Humans Using Tools
May 6, 2021 11:56 AM   Subscribe

I am trying to recall some research on humans, and maybe apes, using tools. I read this few years ago, and I'm not sure if I came across this in an academic paper, or just read a few sentences about it on some science website. I think the information had a scientific basis. The gist was that when humans use tools the tool becomes incorporated into our minds image of our body, which is why we can use tools so dang well.

A specific example I remember was driving a car — when you're driving, the whole car sorta becomes an extension of your body in that you can understand where it is in relation to the world around it to a surprising extent.

Is this a real concept or principal in the scientific community? Did I come up with this in some kind of fevered dream? Any material on this idea, if it exists, would be greatly appreciated!
posted by TurnKey to Science & Nature (10 answers total) 6 users marked this as a favorite
A bit of a long shot, but the comic artist Scott McCloud used the car example to describe the concept as 'closure' in one of his books - like when you're rear ended, you shout "Hey, he hit me!" you don't shout "Hey, his vehicle hit my vehicle!".
posted by Think_Long at 12:04 PM on May 6, 2021

Sounds like the extended mind thesis.
posted by catquas at 12:18 PM on May 6, 2021 [1 favorite]

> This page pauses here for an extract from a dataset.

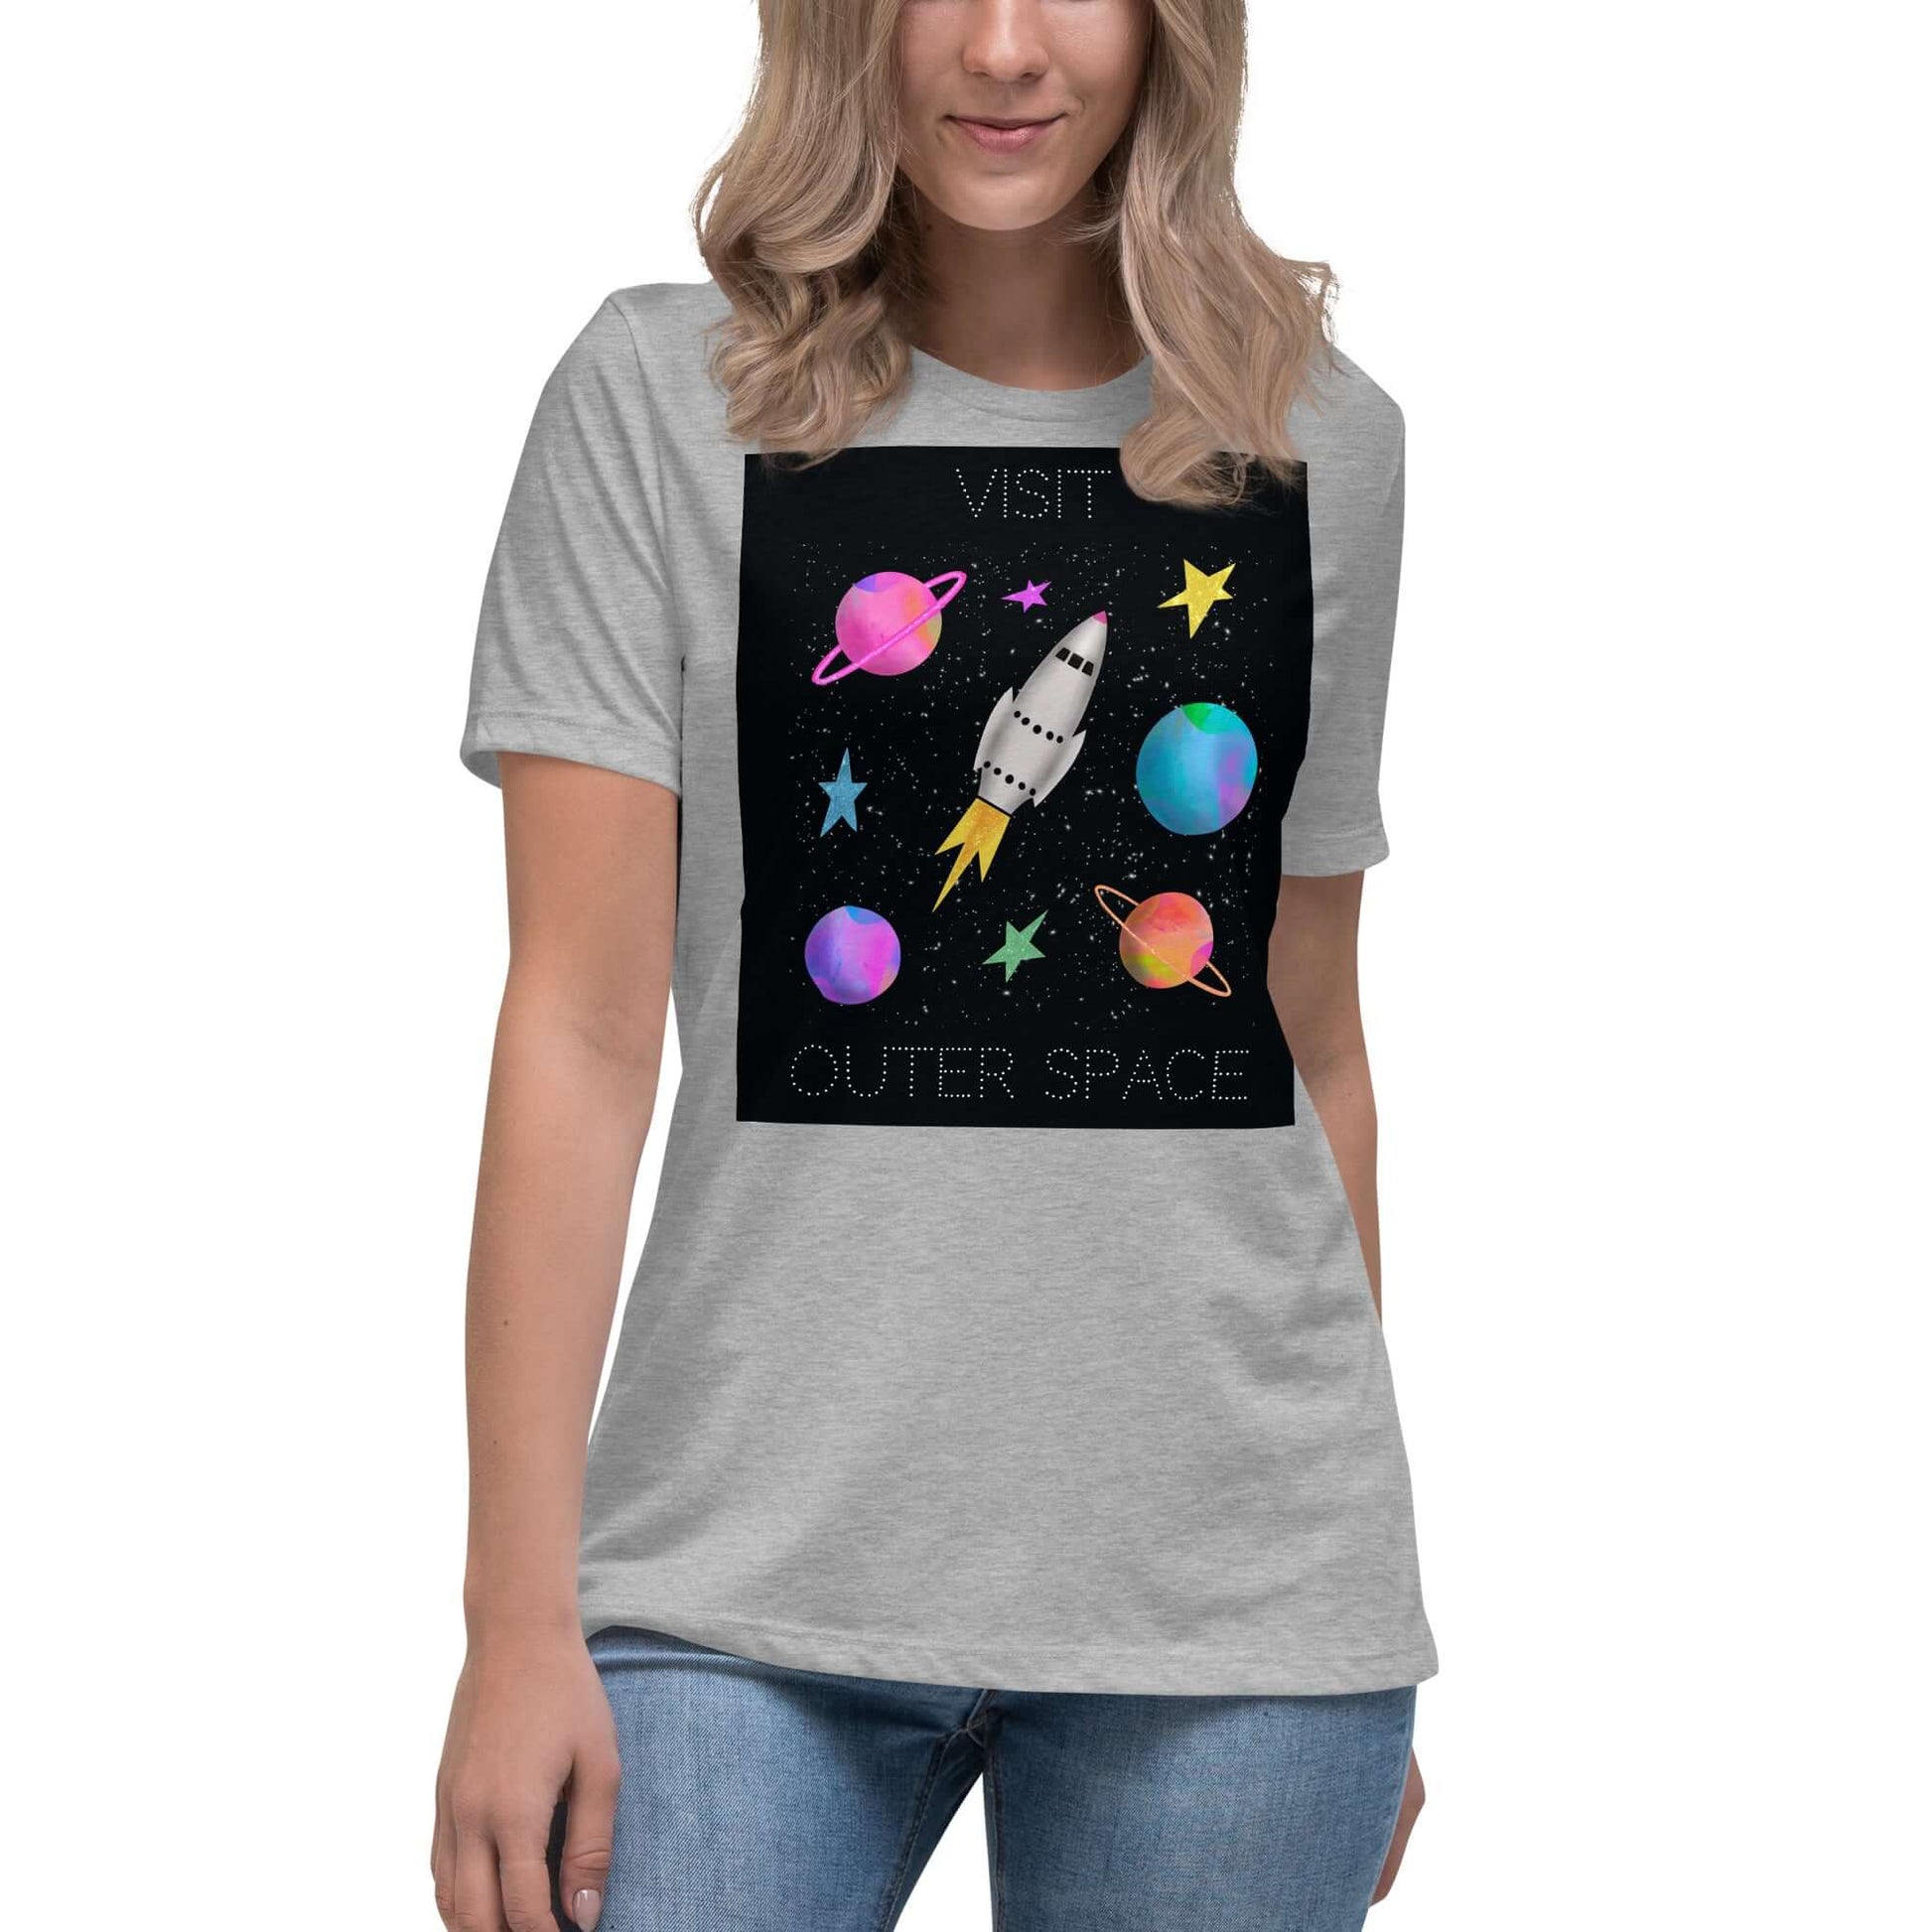 Whimsical Space Rocket with Colorful Planets and Stars on Black Background with Text “Visit Outer Space” Women’s Short Sleeve Tee in Athletic Heather Gray

Actually on second look, maybe something more like this article.
posted by catquas at 12:22 PM on May 6, 2021 [1 favorite]

Best answer: This is a classical neuroscience thing and you can try learning more about the term "body schema" , "an unconscious but constantly updated brain map of positions, body shape and posture" (Thomas Metzinger, The Ego Tunnel - you might like it!). When you use a tool, the tool gets incorporated into that schema. (A digging stick, a computer mouse or, yes, a car).

Body schema was coined 1911 by Henry Head and Gordon Holmes, British neurologists.

There is a lot of Macaque research, among others by Atsoshi Iriki ("Tools for the Body Schema" and "Coding of Modified Body Schema During Tool Use"). You might also like reading about the Rubber Hand Experiment (by Botvinick and Cohen).

I definitely remember reading about the car example (just as an example, not experiment) in a neuroscience book, but can't for the life of me remember which one.
posted by Omnomnom at 12:25 PM on May 6, 2021 [3 favorites]

Best answer: "Body-brain mapping" plus "tool use" might also be a useful search term.

Like here:
"Functional Brain Mapping of Monkey Tool Use"
posted by Omnomnom at 12:41 PM on May 6, 2021 [1 favorite]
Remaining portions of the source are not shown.